Payday Loans: Federal Reserve Shows No Truth to the "Debt Trap" Hypothesis

Payday Loans: Federal Reserve Shows No Truth to the "Debt Trap" Hypothesis-Image via Wikipedia

Due mostly to new credit and overdraft restrictions, and also the creation of the consumer financial protection bureau (CFPB), the result is restricted access to credit for working and middle class and small businesses.  But with restricted access to credit the demand does not diminish, leaving many Americans short on cash and with few or no options.  And when faced with more expensive alternatives such as bounced check fees, or a necessary car repair, many Americans are left exploring options such as an online payday loan or title loan for the first time.

Misconceptions About Payday Loans

“The APR is too high”:  Many articles attack the payday lending industry for charging up to 600% APR on loans.  Yet they fail to mention that 600% APR on a 2-week $100 loan only equals to $20, much less than the average overdraft fee.  Because online payday lenders approve customers with bad credit, the default rates are higher than traditional loans.  Also, many States charge lenders to maintain a State database of lender information on top of license and business fees.   Because of these costs, and the short term of the loan, the APR % seems inflated.  In reality, the $15-$20 per $100 lending fee is necessary in order to run a lending business.

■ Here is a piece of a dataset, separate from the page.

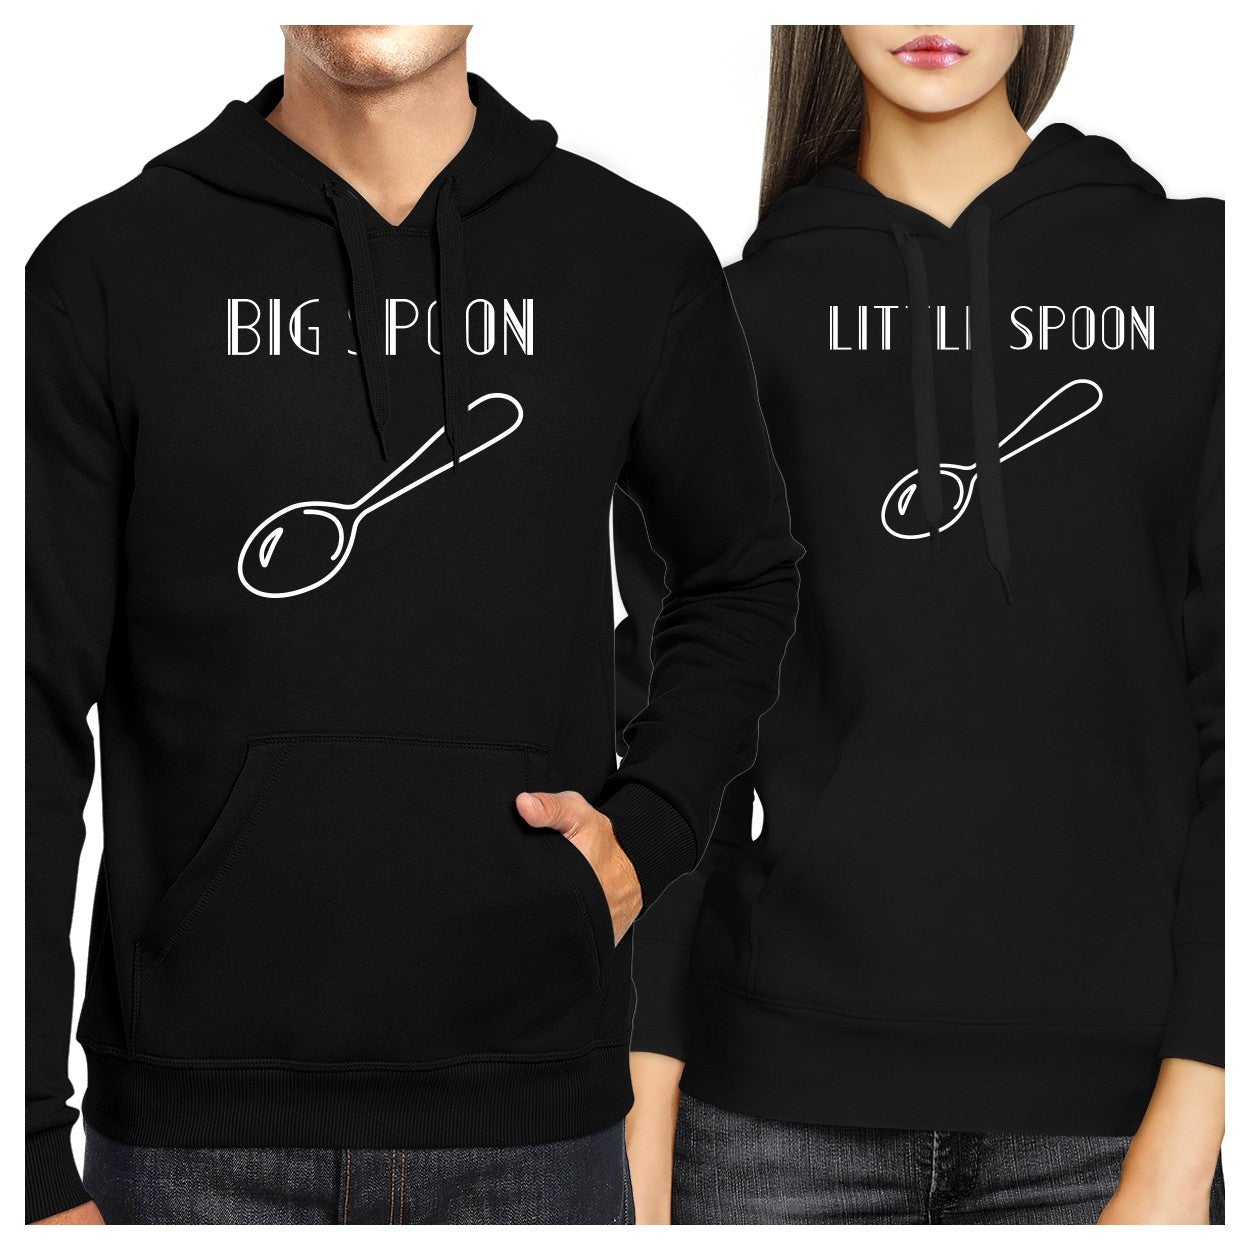 Big Spoon And Little Spoon Couple Hoodies Matching Christmas Gift Black

“Payday advance loans will catch you in a debt trap”: A 2007 study by the Federal Reserve board shows that there is no truth to the “debt trap” hypothesis.   Payday loans are meant to provide responsible adults with an easy to understand credit option when needed.   When used responsibly, meaning taking only one at a time and paying off on time, payday loans are a great alternative to paying more expensive bounced check fees or damaging a customer’s credit rating.

“Instant payday loans target the unbanked”:  Simply un-true.  To qualify for a loan, an applicant must have a checking account and proof of employment.

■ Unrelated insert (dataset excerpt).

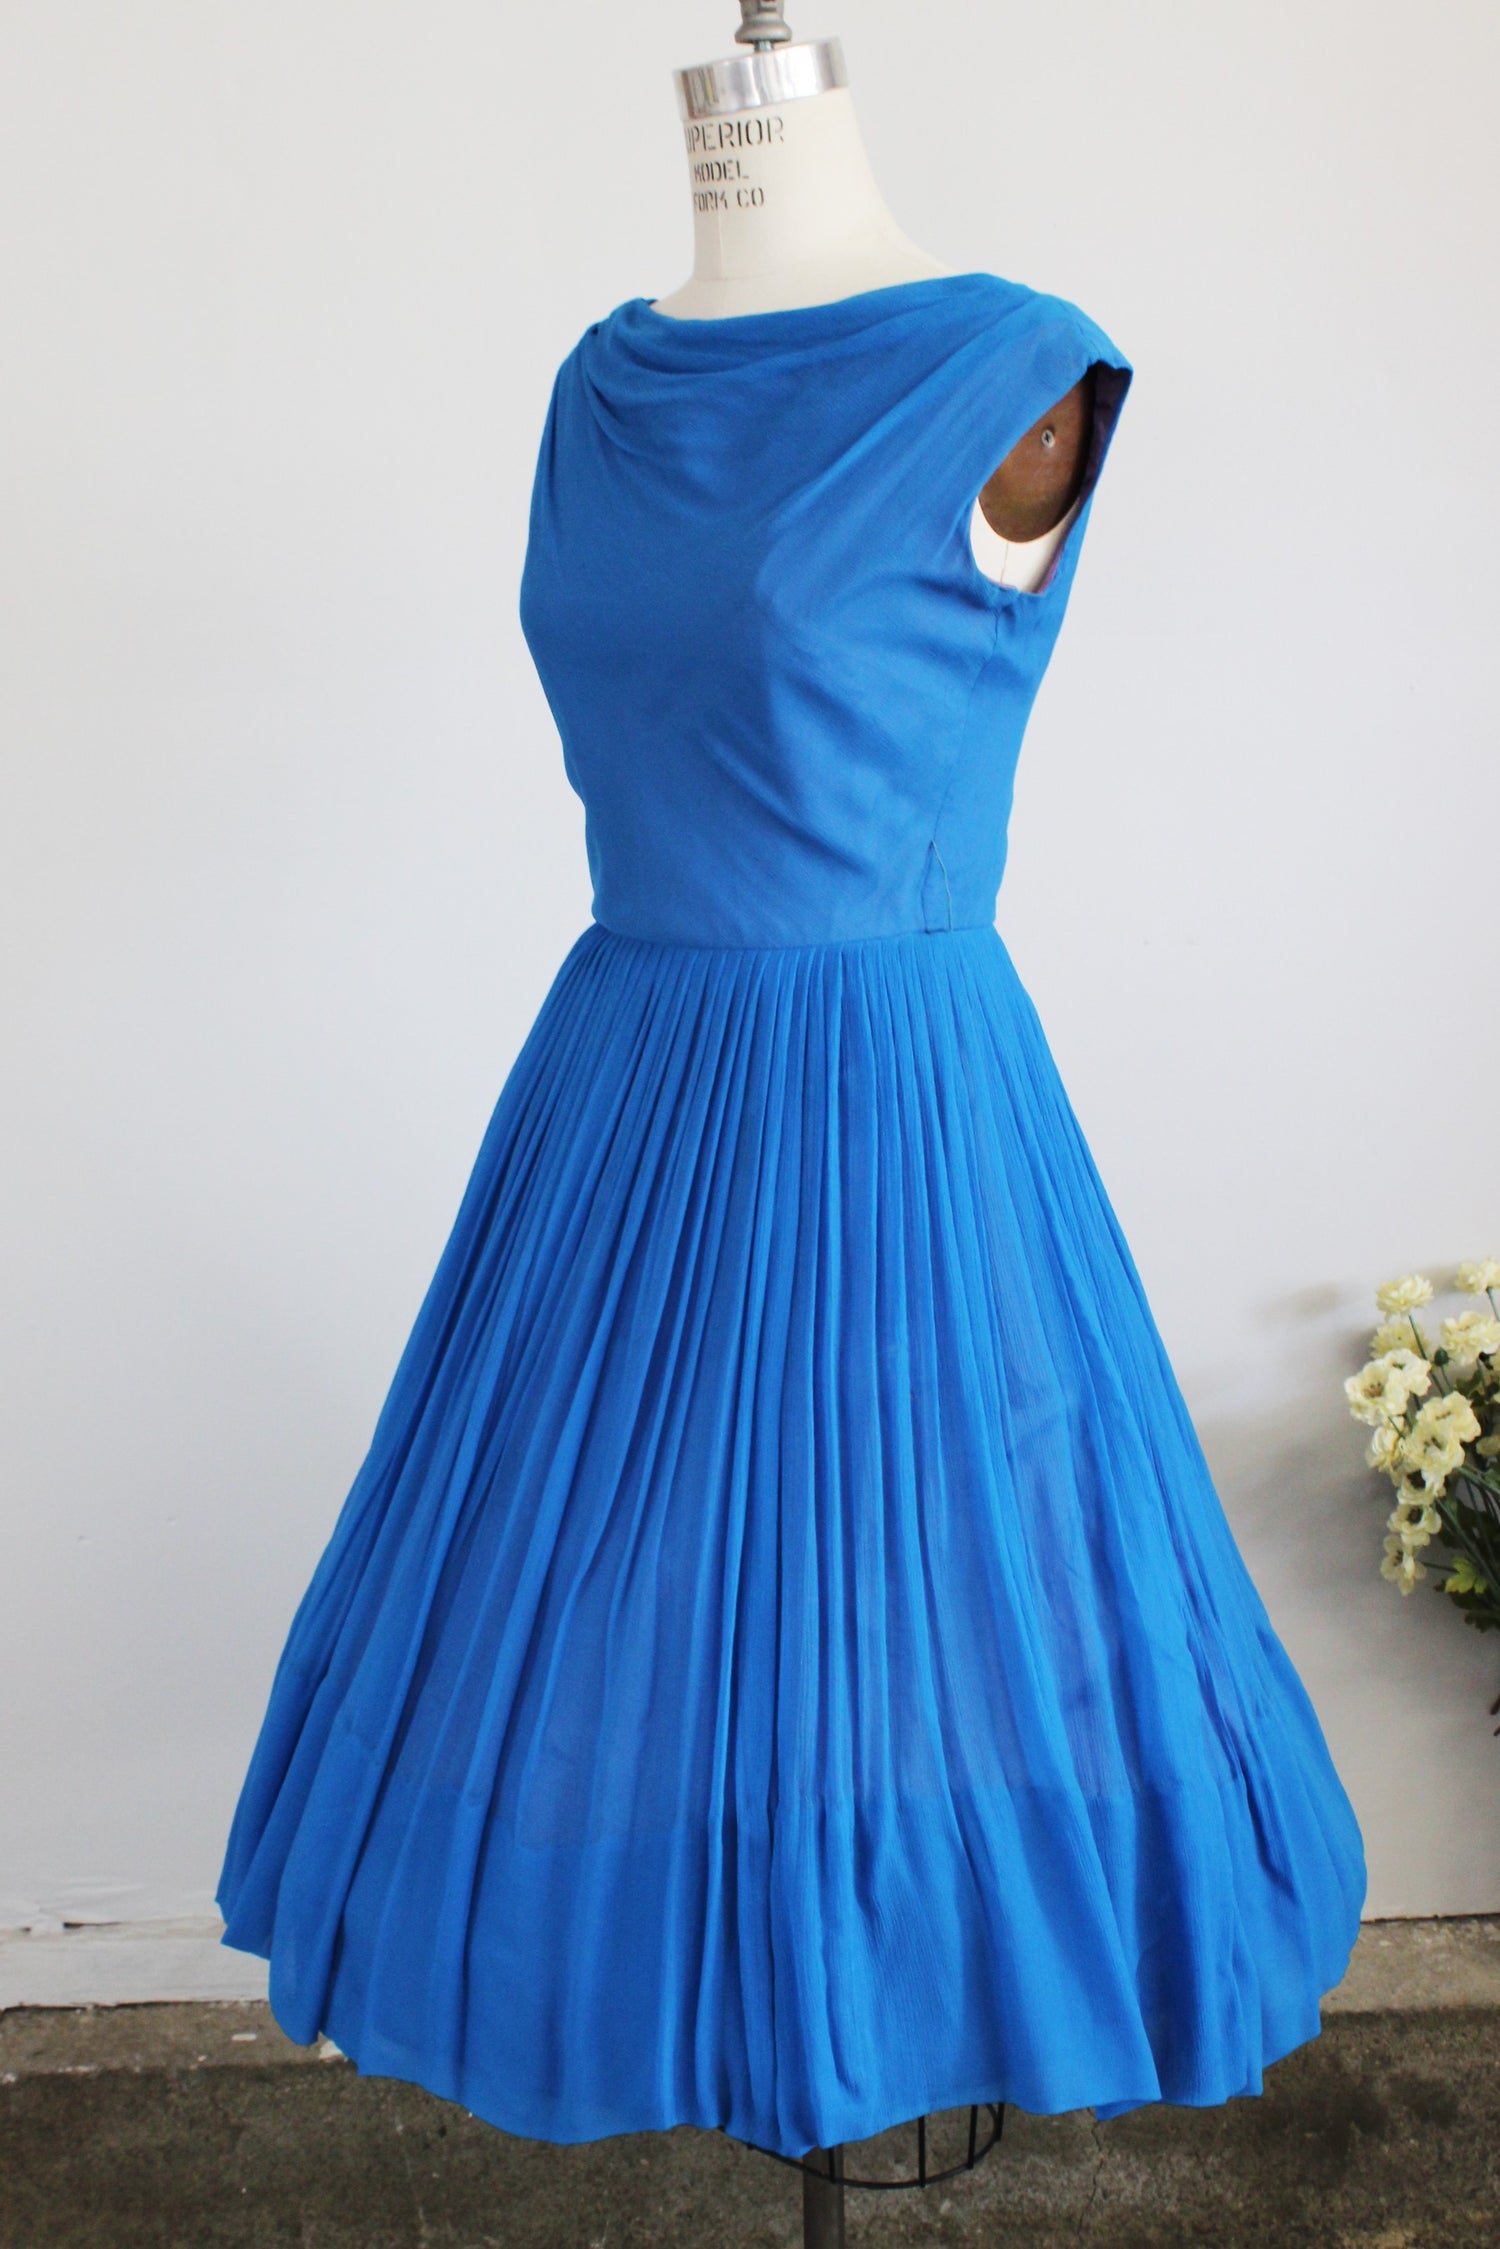 Vintage 1950s New Look Party Dress Blue Chiffon / Elinor Gay

“Payday loans are complicated”:  There is not a more transparent and simpler loan product available.  Lenders display the APR% on the wall in large print in every location, and every detail of the loan is disclosed completely.

“A traditional loan is a better alternative”:  Banks and credit unions requirement a higher credit score to approve potential applicants for a loan, where payday loans are meant to provide a credit option to those with bad credit and a job.  Also, most banks or credit unions do not offer short-term loan options when a customer is short on cash for just a few weeks.

The truth about payday loans online:  There are different financial solutions for different financial problems.  Payday loans are a great option for anyone with a job and a bank account that needs a little cash until payday.